### Goal of the exercise
The whole listing that follows, pictures excepted, should be printed again exactly as given.

### Dataset section
+ + + + + + +
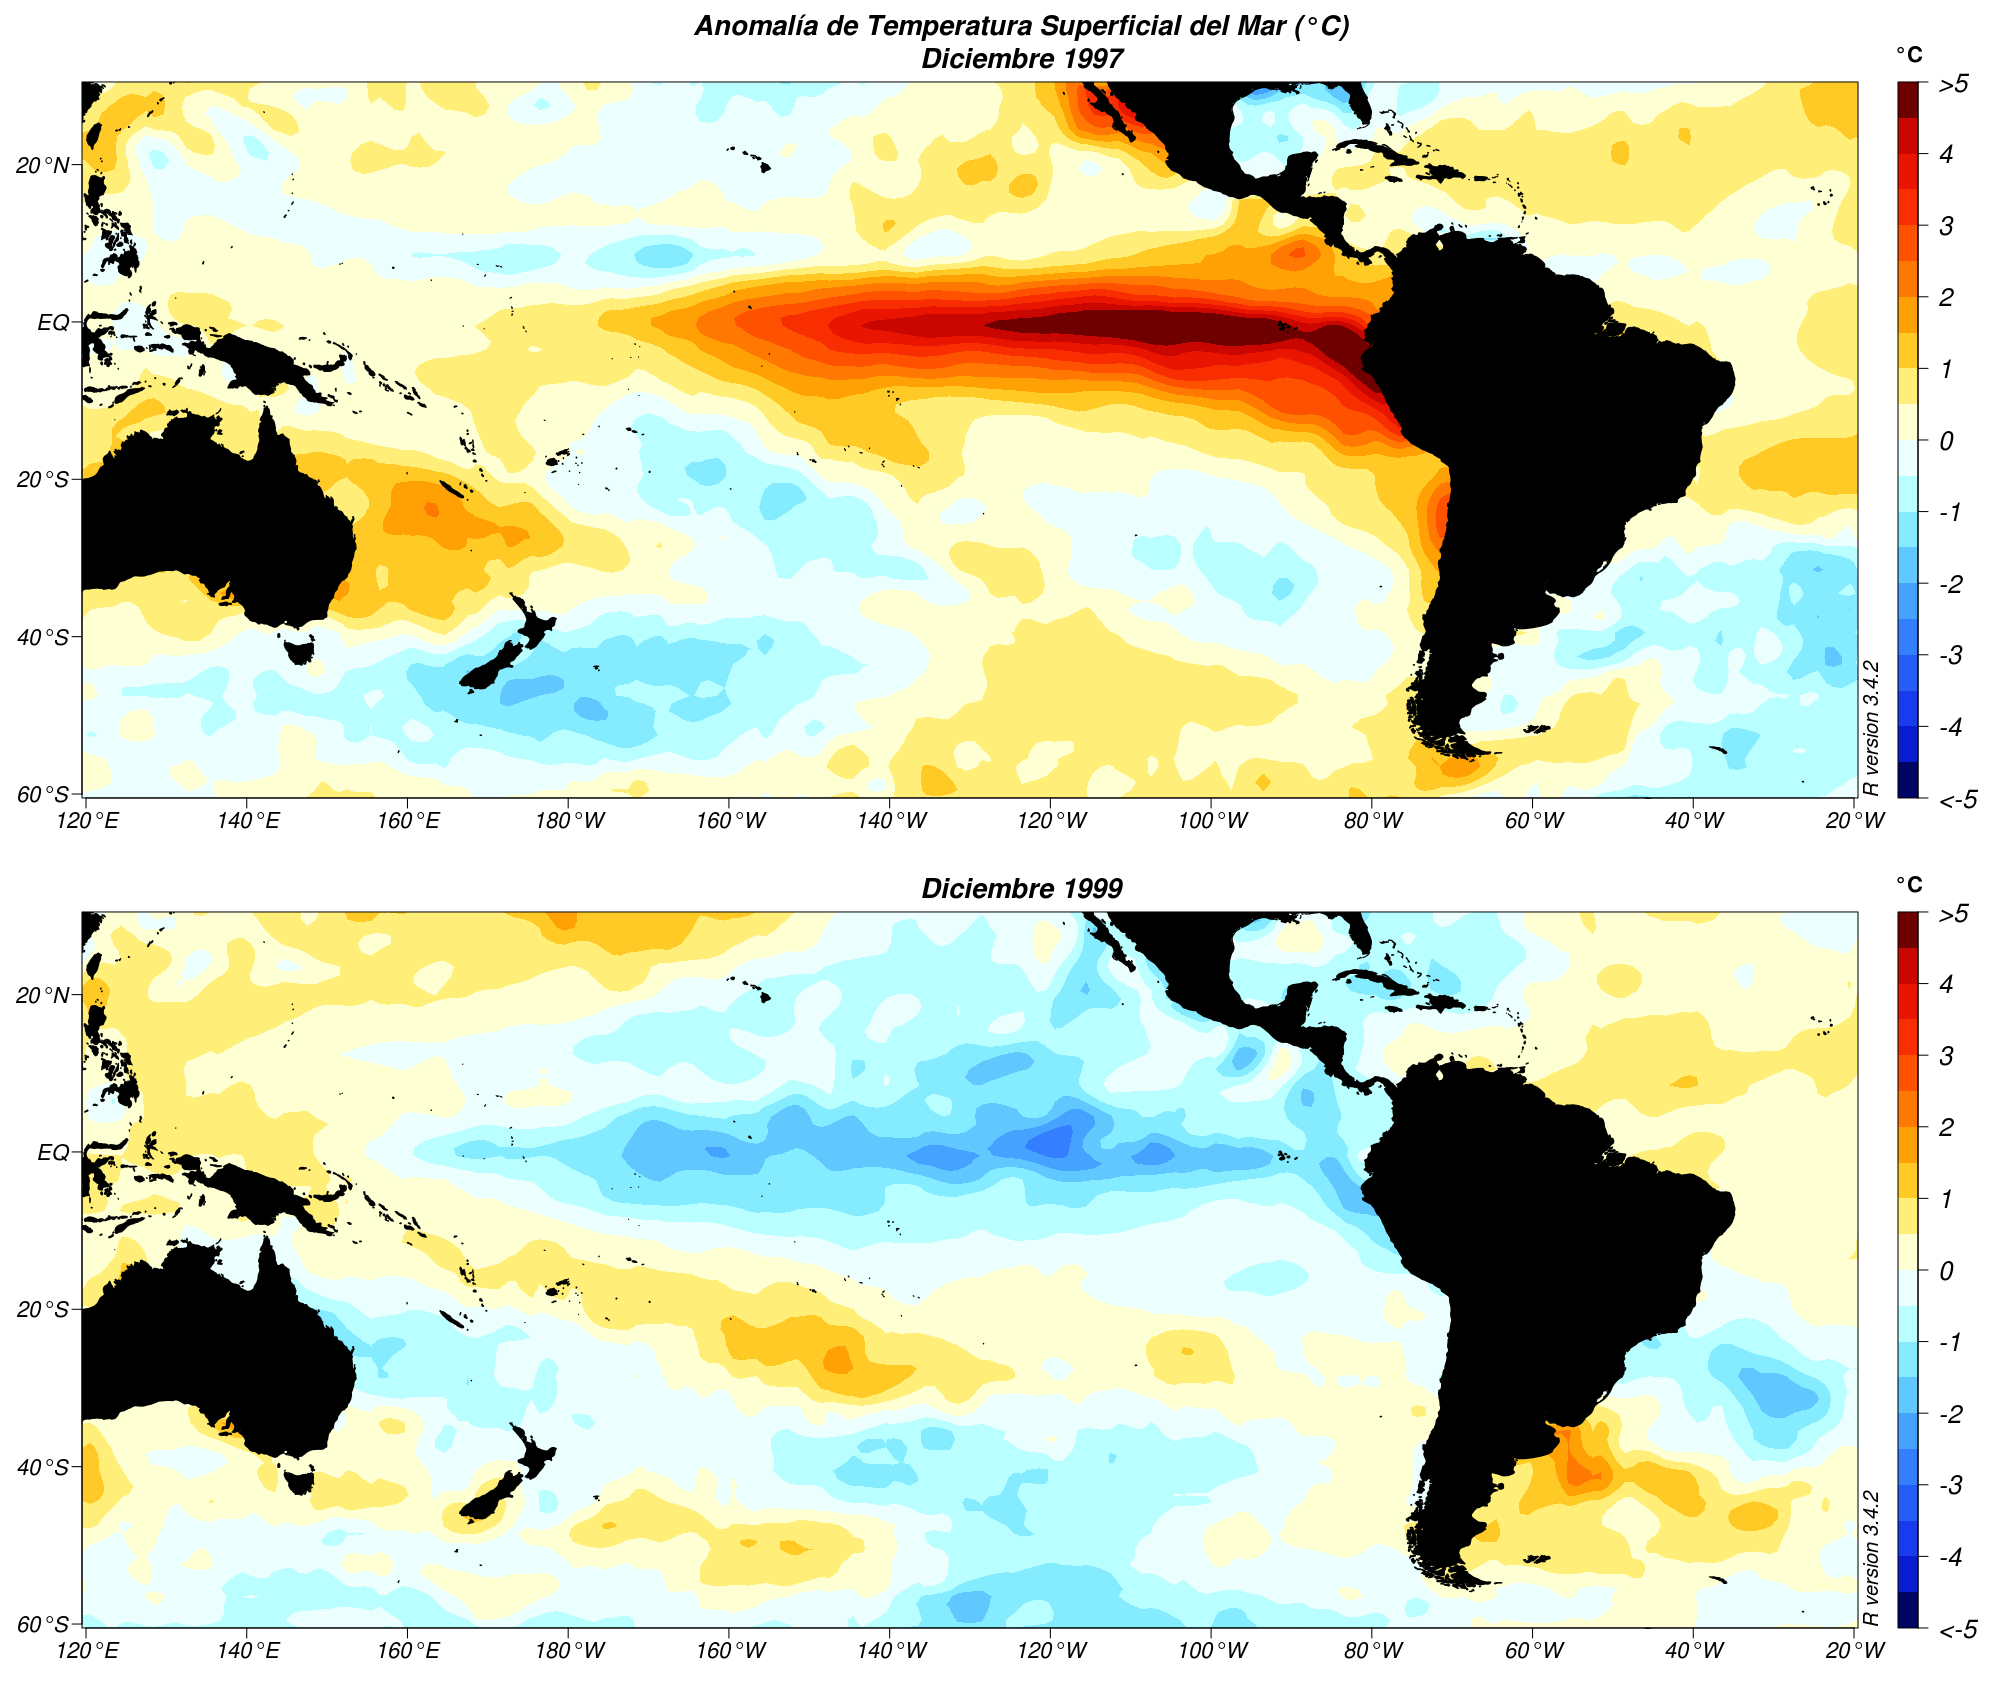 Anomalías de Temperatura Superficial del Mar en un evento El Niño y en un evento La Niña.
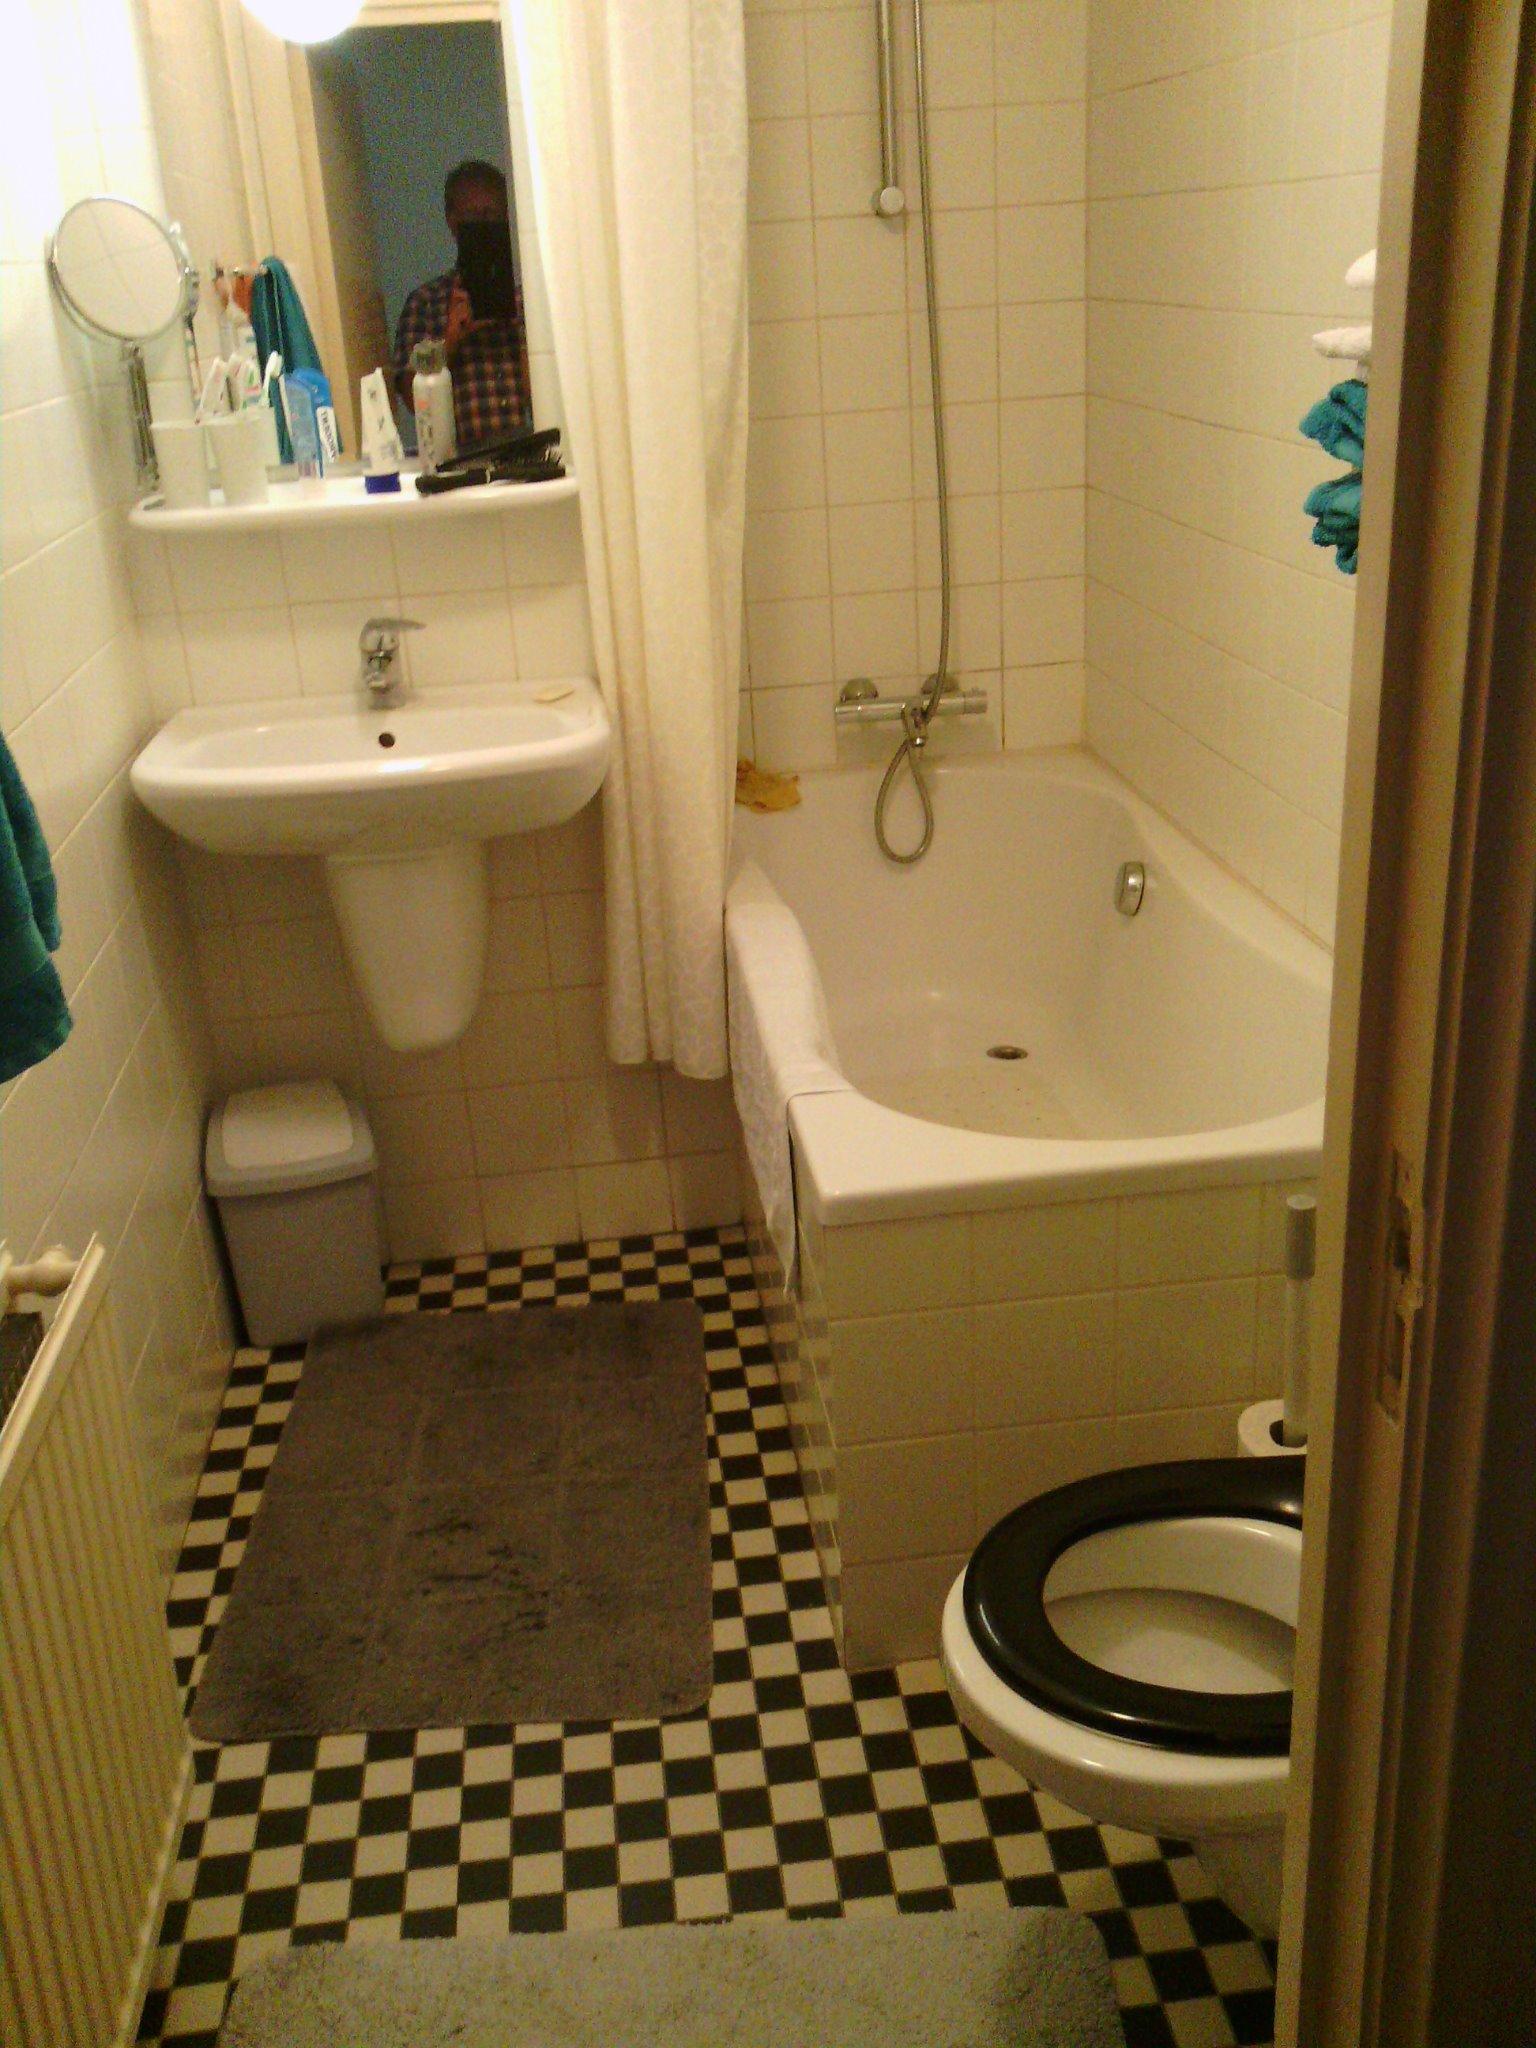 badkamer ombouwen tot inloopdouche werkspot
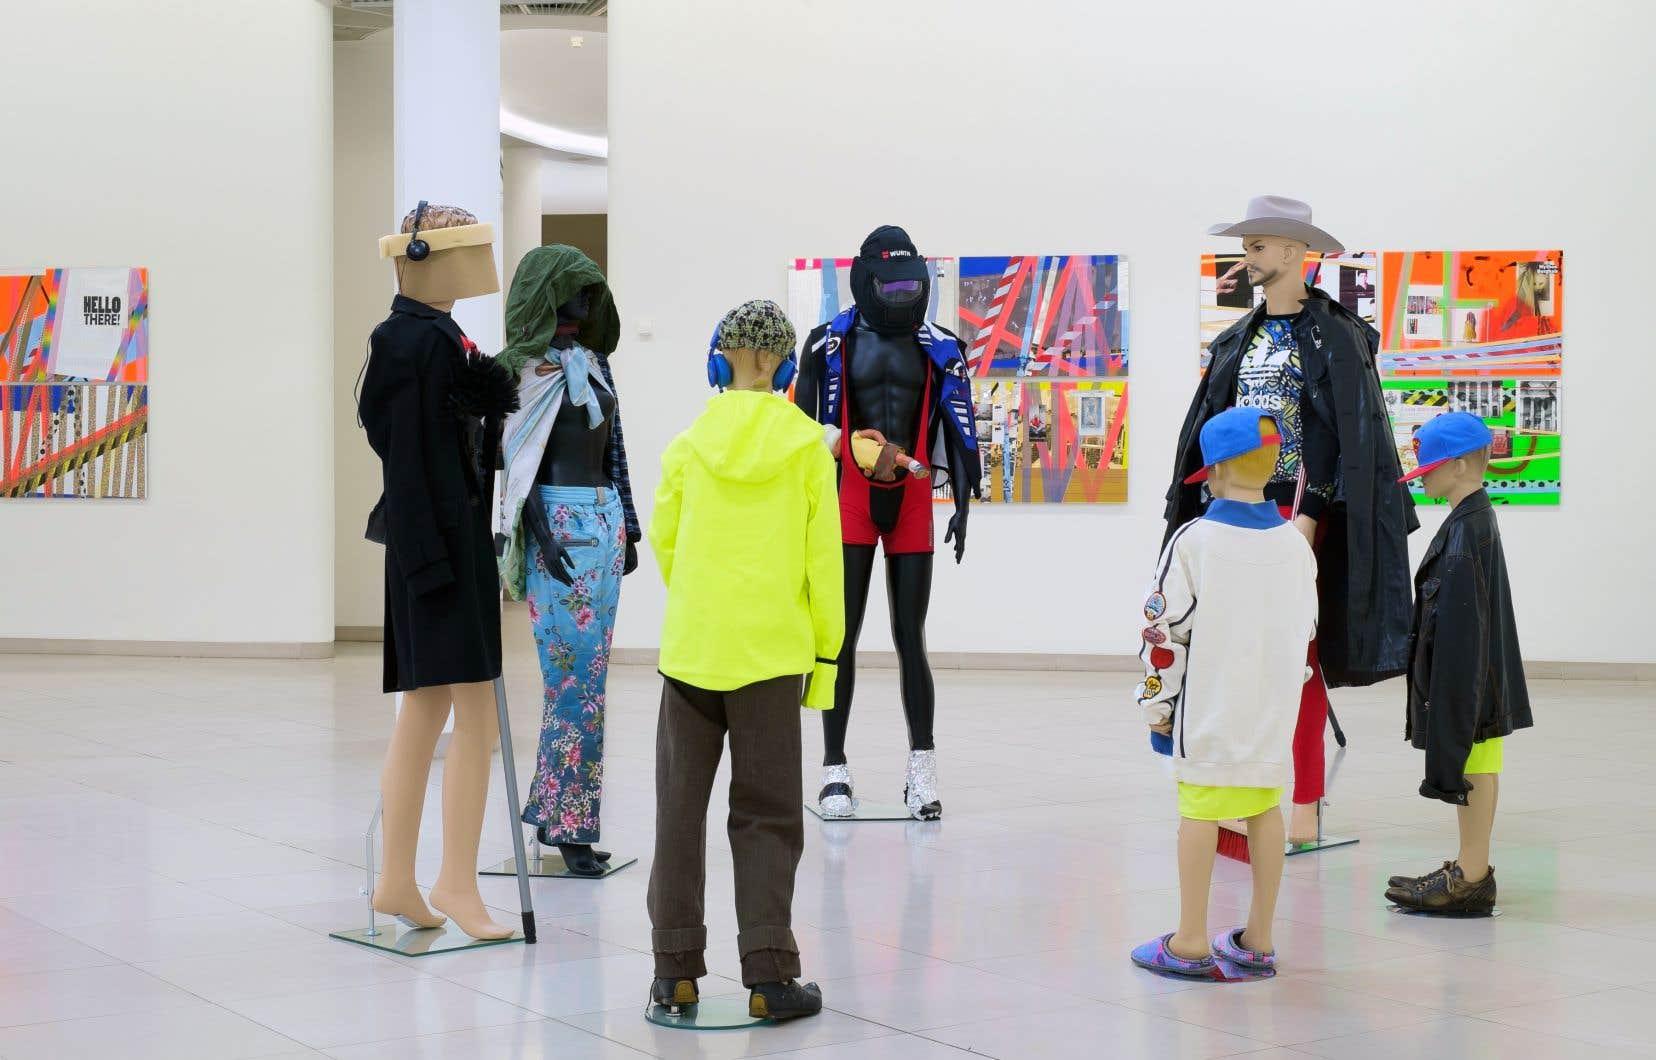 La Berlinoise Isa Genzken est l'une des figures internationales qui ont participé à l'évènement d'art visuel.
+ + + + + + +
### Exercise result
 Anomalías de Temperatura Superficial del Mar en un evento El Niño y en un evento La Niña.
 badkamer ombouwen tot inloopdouche werkspot
 La Berlinoise Isa Genzken est l'une des figures internationales qui ont participé à l'évènement d'art visuel.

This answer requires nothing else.